The International Atomic Energy Agency's 35-nation board of governors unanimously approved a resolution saying, "outstanding issues relating to Iran's nuclear program have yet to be resolved."
But it did not mention reporting Tehran to the U.N. Security Council, which could impose economic sanctions, over concerns that the move would only harden Iran's stance, according to the Associated Press.
The governors did say that Iran must freeze all nuclear fuel-related activities and called on the agency to verify Tehran's compliance, Reuters reported.
President Bush called the decision "a positive first step."
"The IAEA today issued a report that expressed serious concerns about Iranian decisions and that's a positive first step," he told reporters at his Crawford, Texas ranch.
"The world is coalescing around the notion that the Iranians should not have the means and the wherewithal to be able to develop a nuclear weapon," he said, according to Reuters.

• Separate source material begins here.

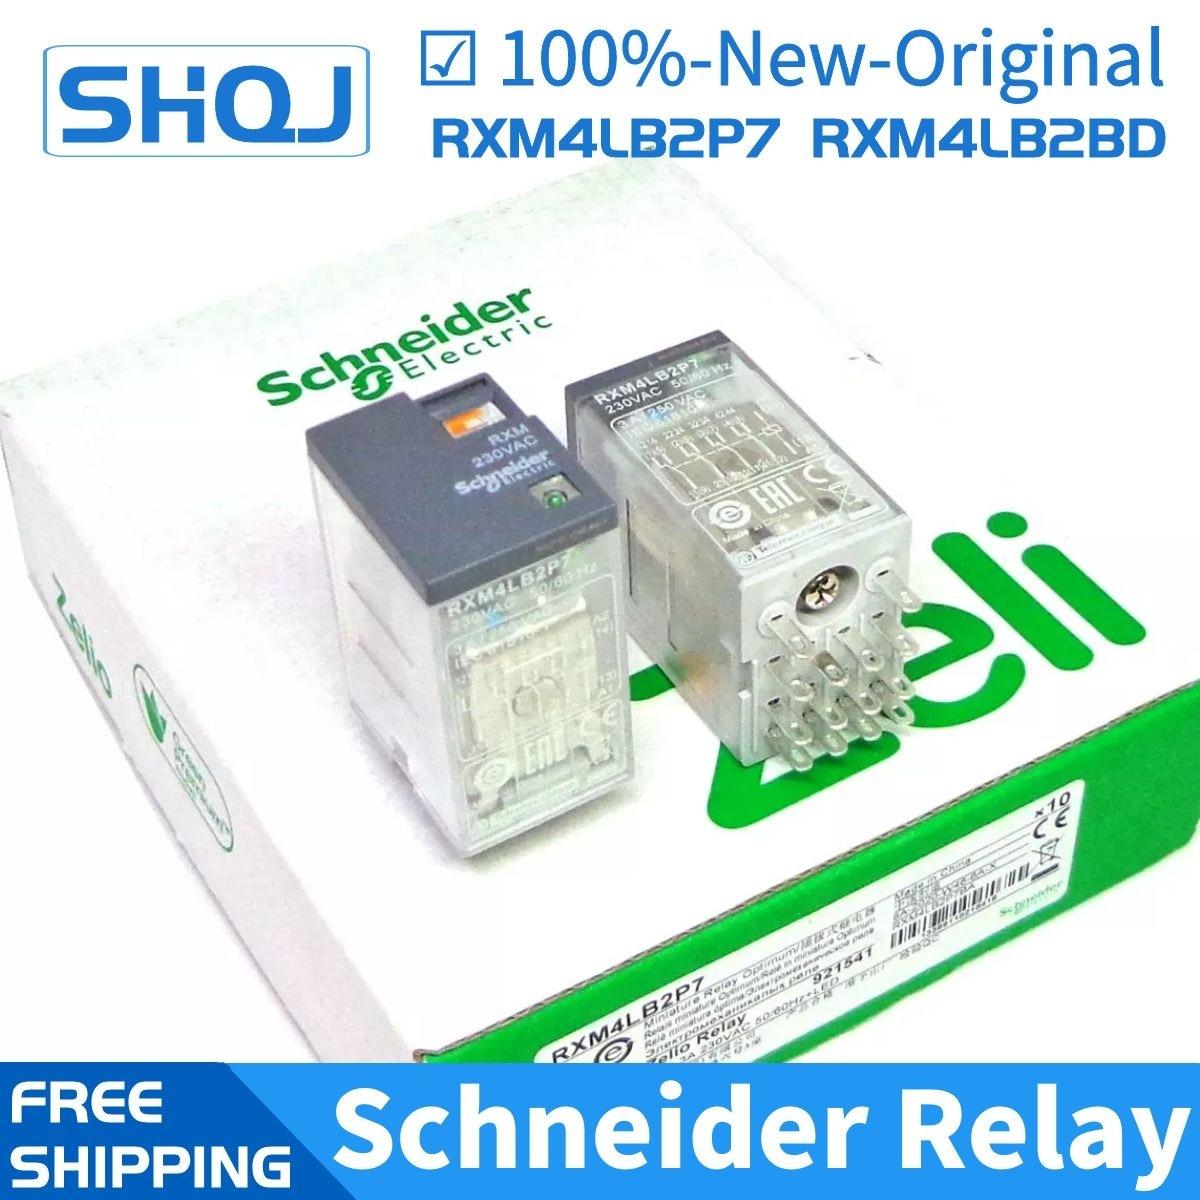 10 قطعة شنايدر التتابع RXM4LB2BD RXM4LB2P7 RXM4LB2F7 RXZE1M4C 4CO 3A 24VDC 230VAC 120VAC العلامة التجارية جديد ومبتكرة شنايدر التتابع

The president said the U.S. strategy was to work with the EU 3 -- Britain, France and Germany -- to present a common voice about Iran's nuclear weapons ambitions.
Tehran was quick to reject the IAEA's move.
"We do not accept this resolution and will not execute it. There are serious legal problems with this resolution and ... we are not obligated to implement it," Mohammad Saeedi, deputy head of Iran's Atomic Energy Organization, told state television, according to Reuters.
The IAEA had begun meeting Tuesday but took a break for the EU to negotiate the resolution with board members. It reconvened Thursday when the resolution was adopted.
The proposal asks IAEA chief Mohamed ElBaradei to provide a comprehensive report on the implementation of Iran's Non-Proliferation Treaty Safeguards Agreement and the resolution itself by Sept. 3.
Despite EU and U.S. pressure, Iran resumed activities at its Isfahan uranium conversion plant on Monday. On Wednesday, Iranian officials broke the IAEA seals on its conversion equipment and returned to full operation.
Iran says its nuclear activities are for civilian energy programs only. The country says it needs to develop nuclear power to meeting booming electrical needs and keep its oil and gas reserves for export.
Iran voluntarily stopped all atomic fuel production work in November 2004 after reaching a deal with the EU 3 to work toward a permanent solution. But on Sunday, the country rejected the EU's offer of political and economic incentives if it permanently abandoned enriched uranium fuel production.
Under the nuclear Non-Proliferation Treaty, Iran may process and enrich uranium for peaceful purposes. But the EU 3 has said the only way to prove its peaceful intentions is to renounce all technology that could be used to make nuclear weapons.
Uranium conversion is the first step in creating enriched uranium, which can be used to fuel nuclear power plants or, when enriched further, nuclear weapons.